**DIRECTIONS FOR THIS TASK**
Taking the material as a whole, state how many of its lines contain "have". Write the number and nothing more.

=== DATA ===

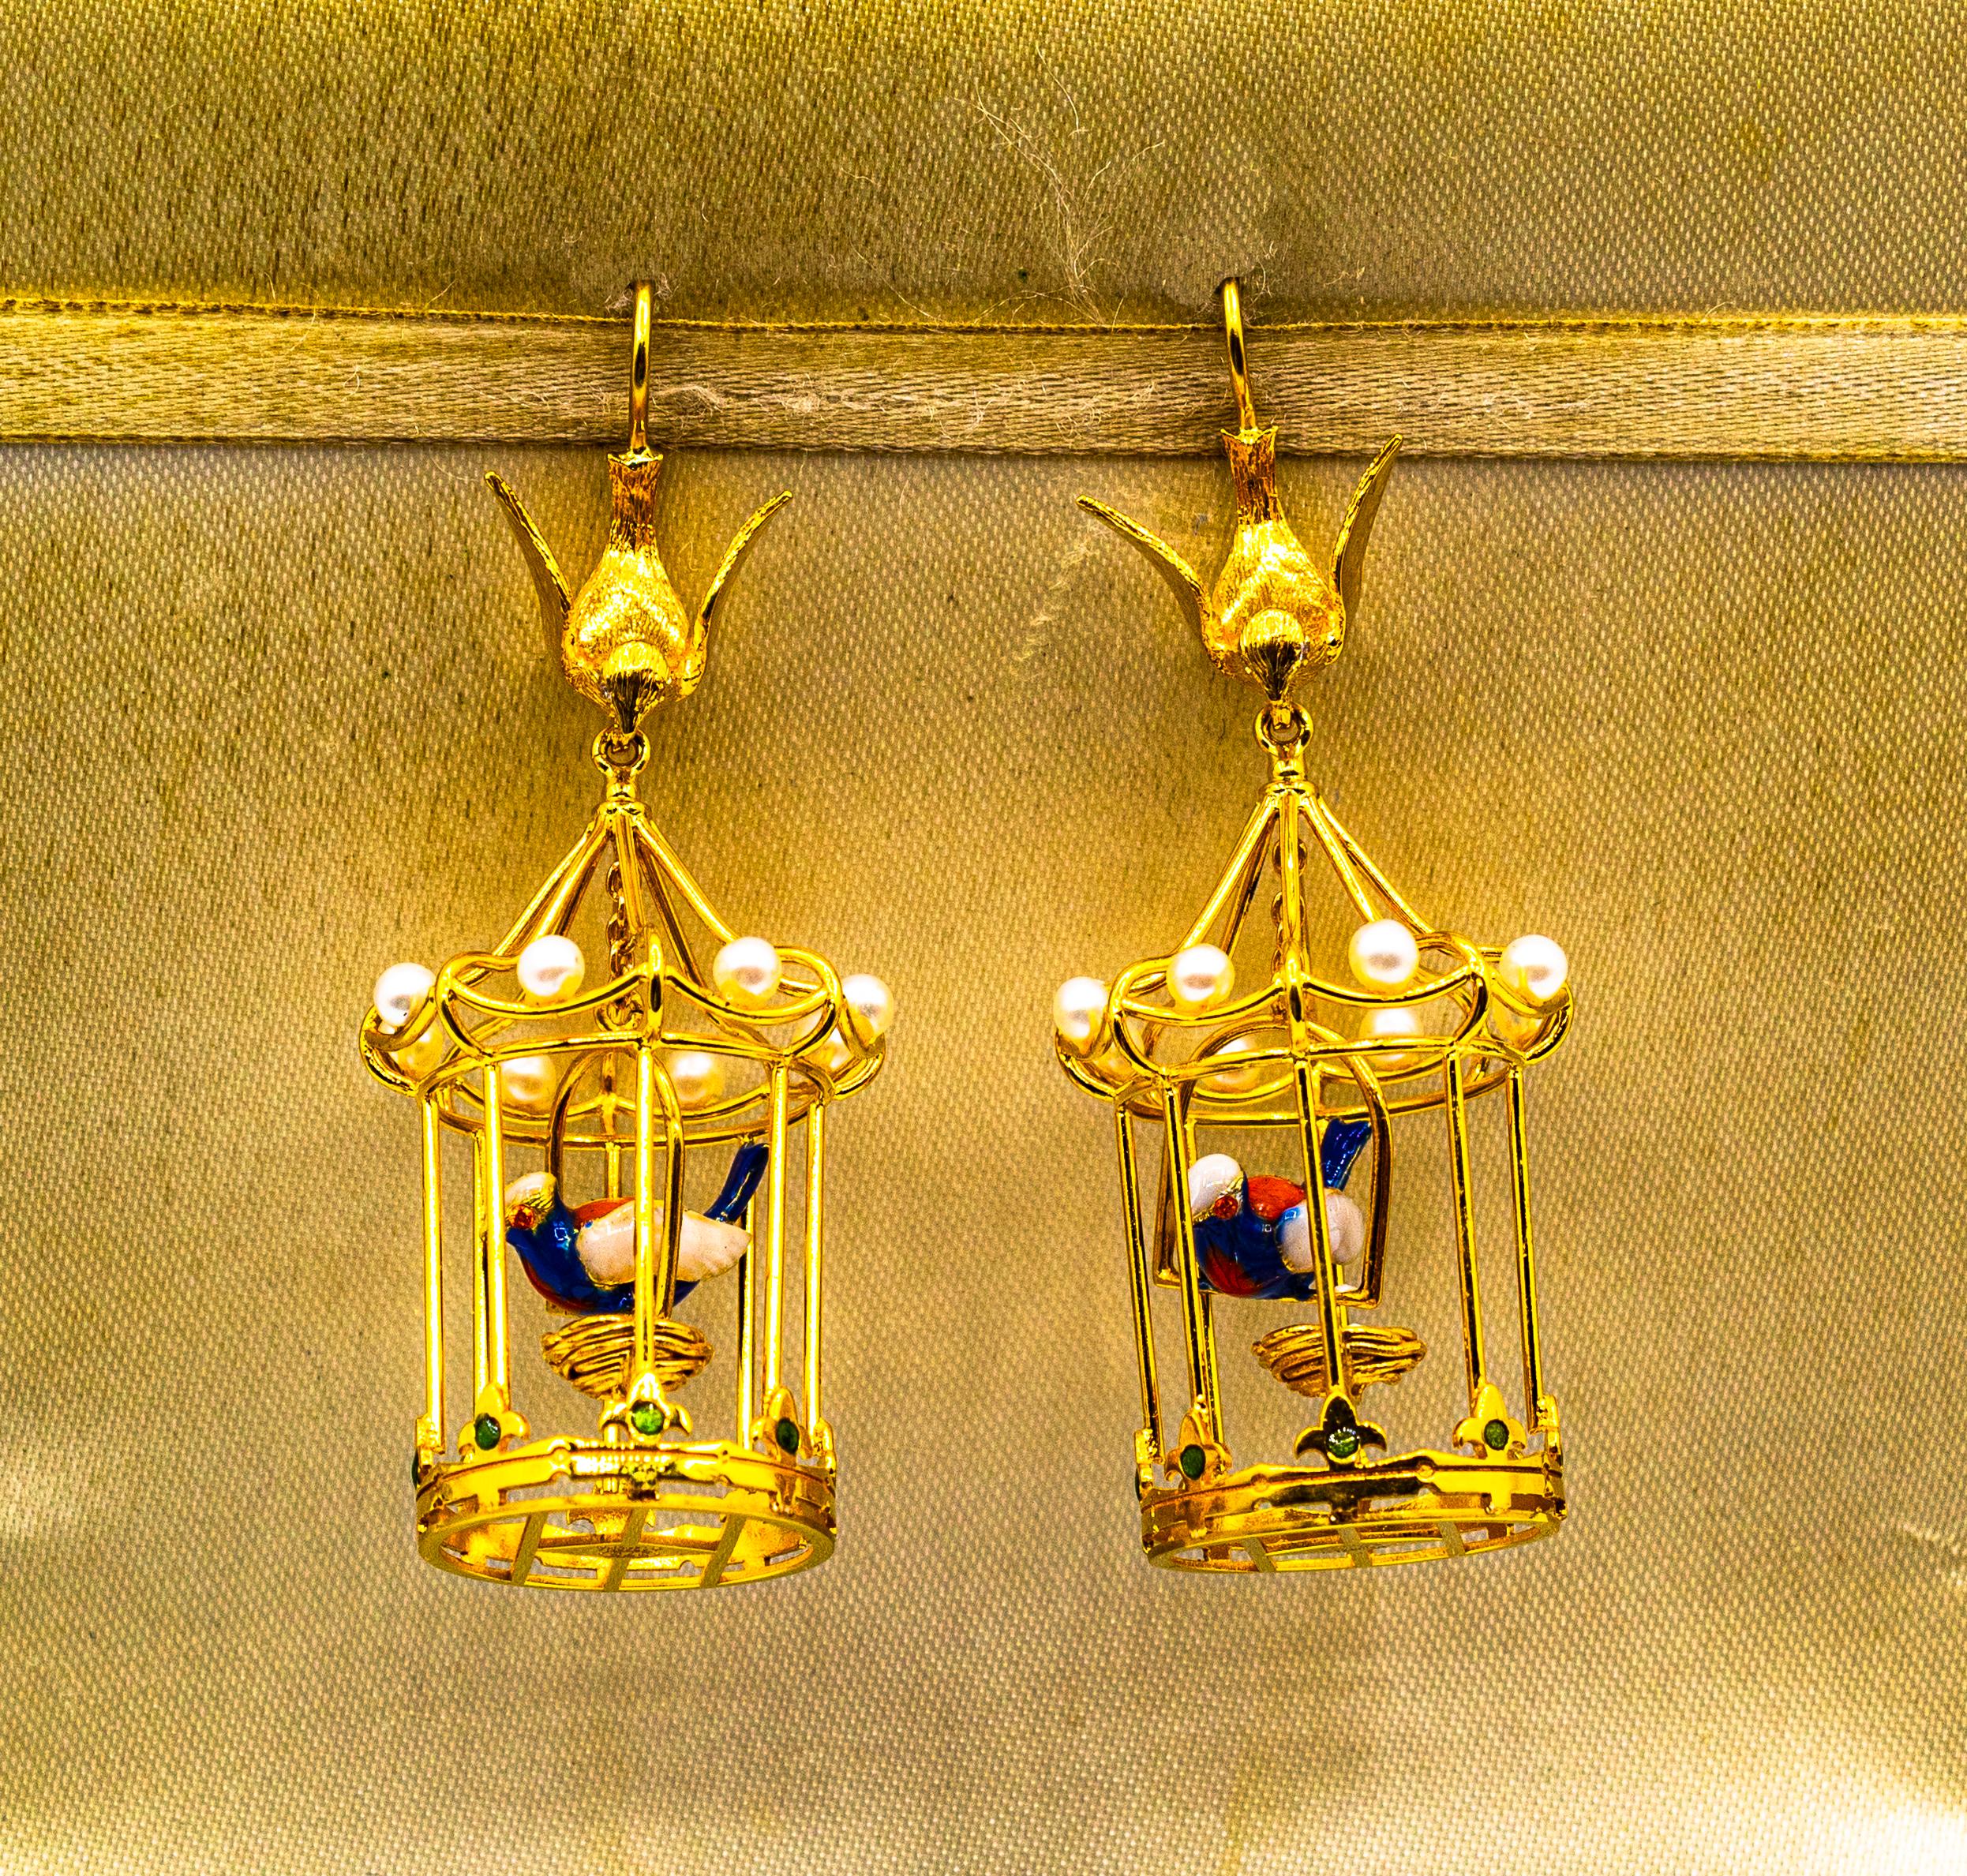 These Stud Earrings are made of 9K Yellow Gold.
These Earrings have 0.04 Carats of White Brilliant Cut Diamonds.
These Earrings have also Enamel and Pearls.

All our Earrings have pins for pierced ears but we can change the closure and make any of

===

**ANSWER BOX**
3